When I started development on the Arachni high-performance grid my focus was on the audit part, i.e. find a way to distribute the audit of batches of individual elements across multiple nodes and avoid duplication of effort amongst them.
It was a bit tricky to get right but it turned out to be quite do-able and worthwhile.

However, the crawl was done the old fashioned way, the master instance would crawl the targeted website and once completed it would then analyze all the pages it found and spread the workload.
I always intended to try out my hand on something similar but aimed towards the crawling process but it wasn’t a high priority.
But, as you can see from my last post, I did sort of figure it out, although I hadn’t had a chance to implement it until now.
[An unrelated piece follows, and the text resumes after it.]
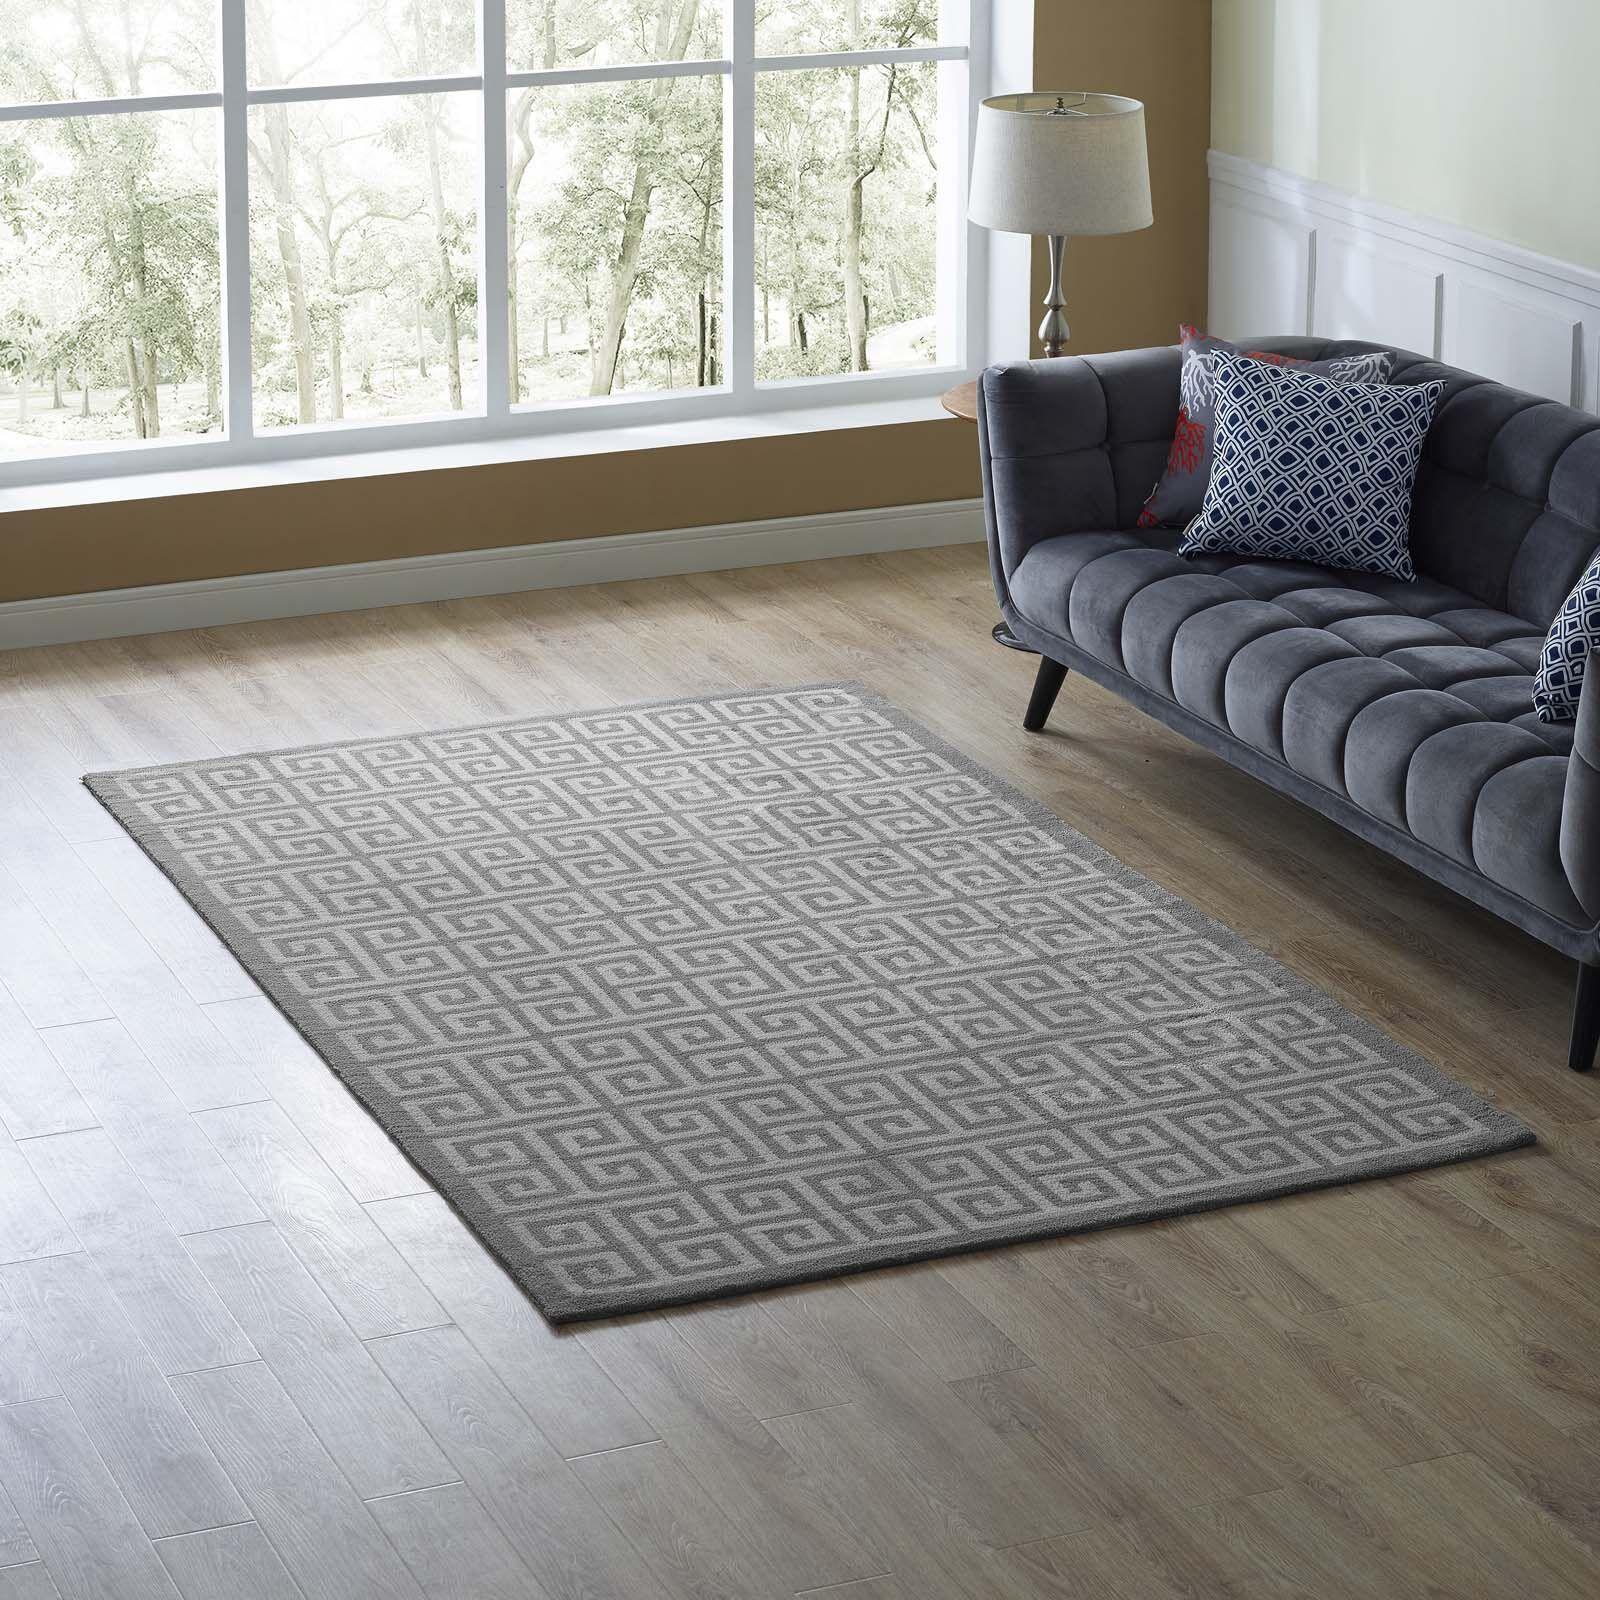 Selman Greek Key White/Light Gray Area Rug Rug Size: Rectangle 5' x 8'

This is tricky to do because there’s no way of knowing the workload before hand as it is basically a freaking labyrinth and precious information (new paths) can be hidden behind walls and walls of crap.

On the other hand, since when running Arachni in HPG mode you already have a few nodes up and running in the first place, why not utilize them a bit more — even if it turns out to be only slightly faster than a single crawler.

With that in mind, I yesterday started to implement that sort of a crawler, and here it is.
Its sole existence is that of a toy, a fun experiment, and not as a stable system. I may, in the future, put some more effort into it but my main reason for doing this is to explore this idea and eventually port it over to Arachni.

If you find this interesting, want to help out in researching or have any sort of feedback or just want to get in touch don’t hesitate to do so.

Cheers,
Tasos L.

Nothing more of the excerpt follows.